- Undated photograph of Debra Jackson
- Born: Debra Louise Jackson September 20, 1956 Harris County, Texas, U.S.
- Disappeared: c. 1977 Abilene, Texas, U.S.
- Status: Identified August 6, 2019
- Died: October 30 or 31, 1979 (aged 23)
- Cause of death: Murder by strangulation
- Body discovered: Georgetown, Texas, U.S.
- Resting place: Odd Fellows Cemetery, Georgetown, Texas
- Other name: "Orange Socks"
- Known for: Formerly unidentified decedent
- Height: Between 5 ft 6 in (1.68 m) and 5 ft 7 in (1.70 m) (approximate)

= Murder of Debra Jackson =

Formerly unidentified 1979 murder victim

Debra Louise Jackson (September 20, 1956 – October 30 or 31, 1979), informally known as "Orange Socks" when unidentified, was an American murder victim who went unidentified for nearly 40 years before being identified through a DNA match with her surviving sister in 2019. Her murder is believed to have taken place on October 30 or 31, 1979 in Georgetown, Texas. Her body was found naked except for the pair of orange socks from which the nickname was derived. She had been strangled and was believed to have died only hours before the discovery.

Henry Lee Lucas confessed to her murder and was convicted. Although doubts have been raised about his complicity in this crime, Lucas's conviction was not overturned. His death sentence was commuted by Texas governor George W. Bush in 1998, and Lucas died in prison in 2001. Strong evidence exists indicating that Lucas was in Florida when Jackson was murdered.

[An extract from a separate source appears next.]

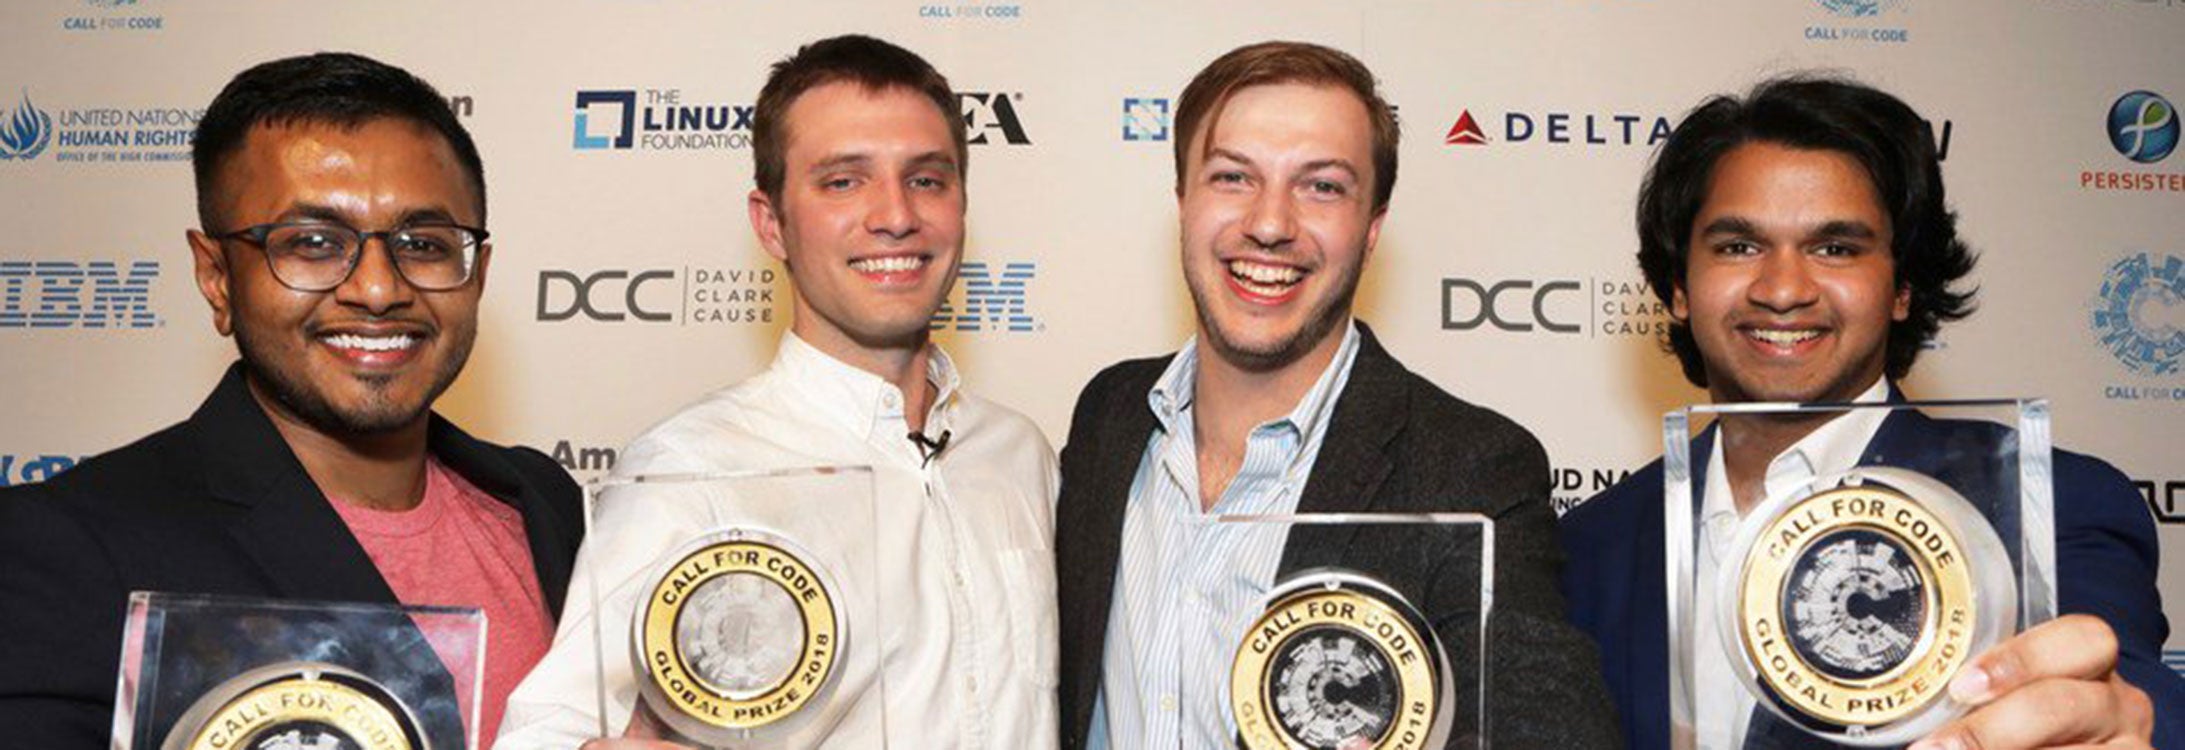 Computer science ’18 alumnus Magus Pereira, far right, was part of a team that won IBM’s first Call for Code Challenge, a competition whose inaugural theme focused on natural disaster preparedness and relief. The winning team also included, pictured left to right, Taraqur Rahman, Bryan Knouse and Nick Feuer. (Photo by Call for Code)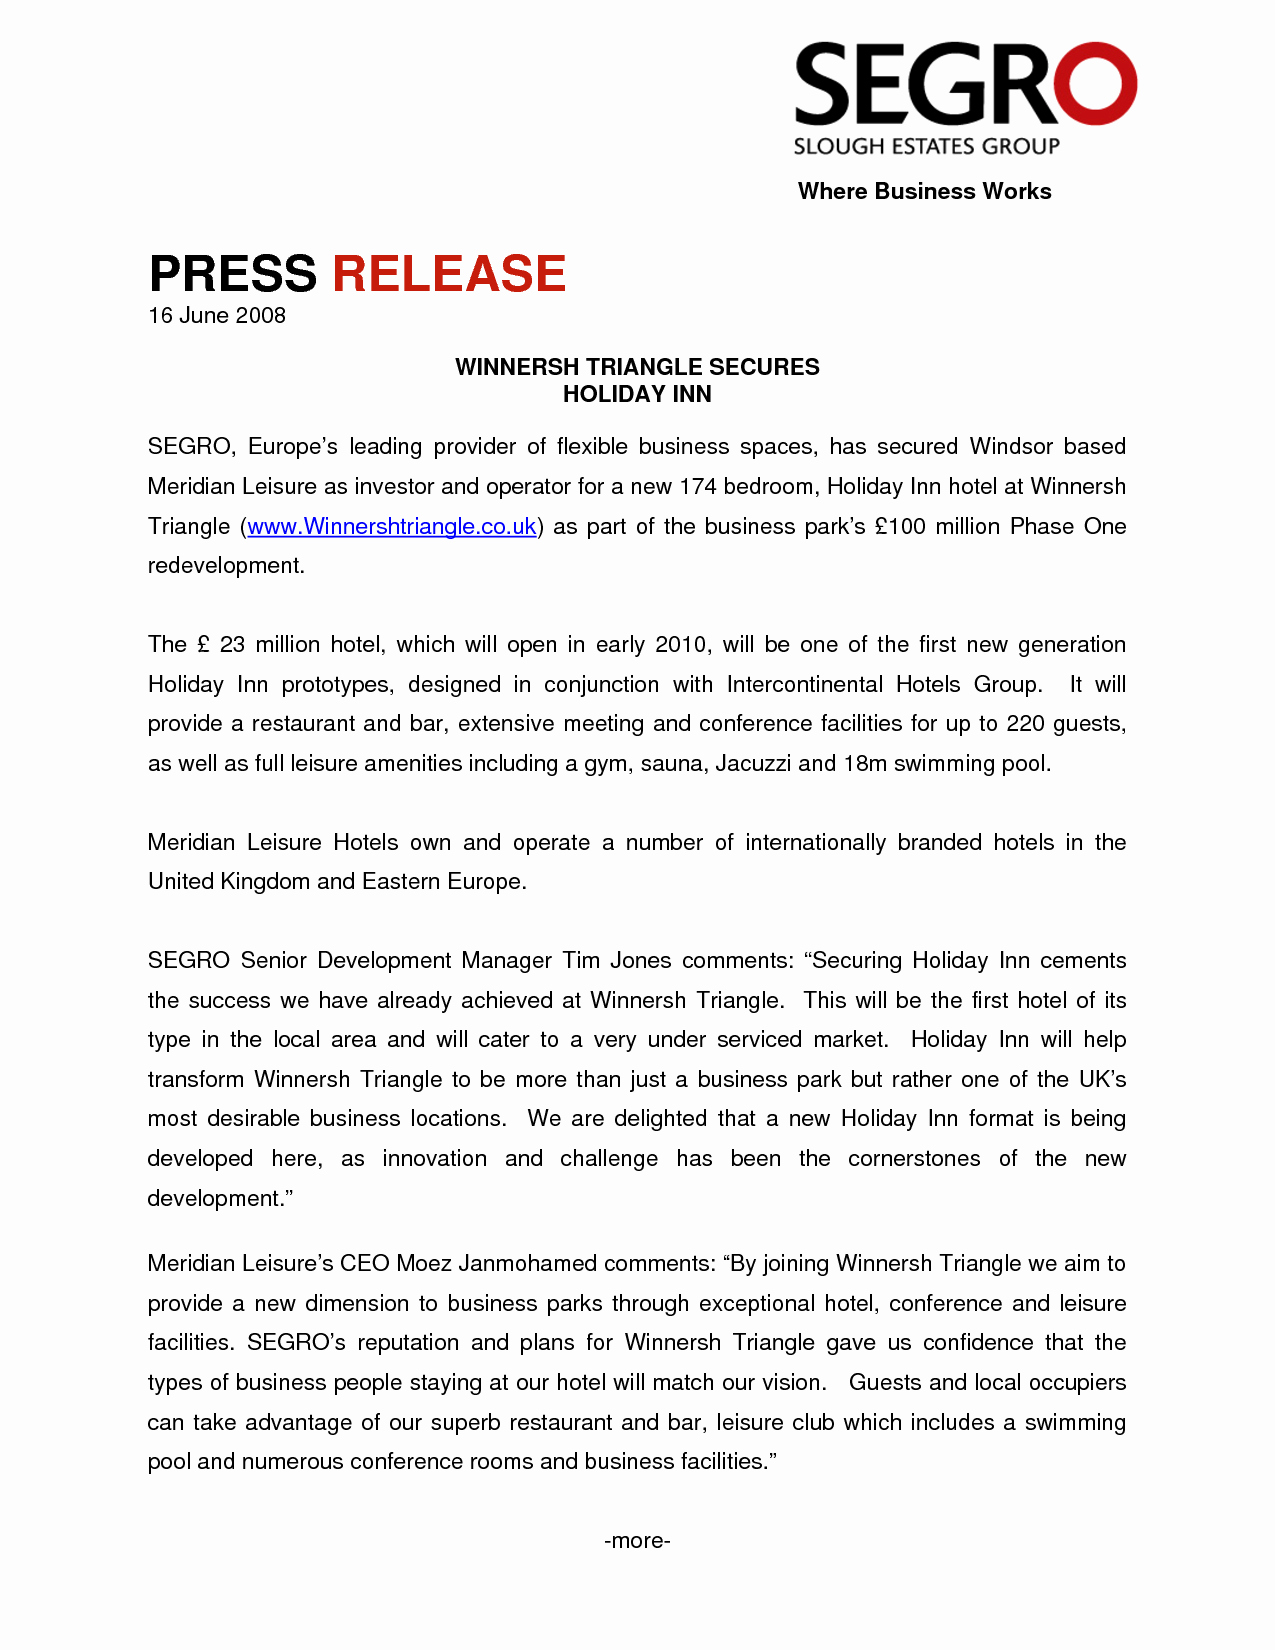 Press Release Template Free Awesome Press Release Outline Reverse Search

==Evidence and physical description==
Jackson, who had been sexually assaulted, was found in a culvert on Interstate 35. The cause of death was ruled as strangulation, as a large amount of bruising was visible on her neck. Other visible bruises were caused when her body was dropped from the overpass after being dragged through a patch of grass. Blood stains were also present at the scene. The victim was initially estimated to be in her twenties. Police suspected a connection with several other murders that had occurred along the same highway in Travis County, Texas.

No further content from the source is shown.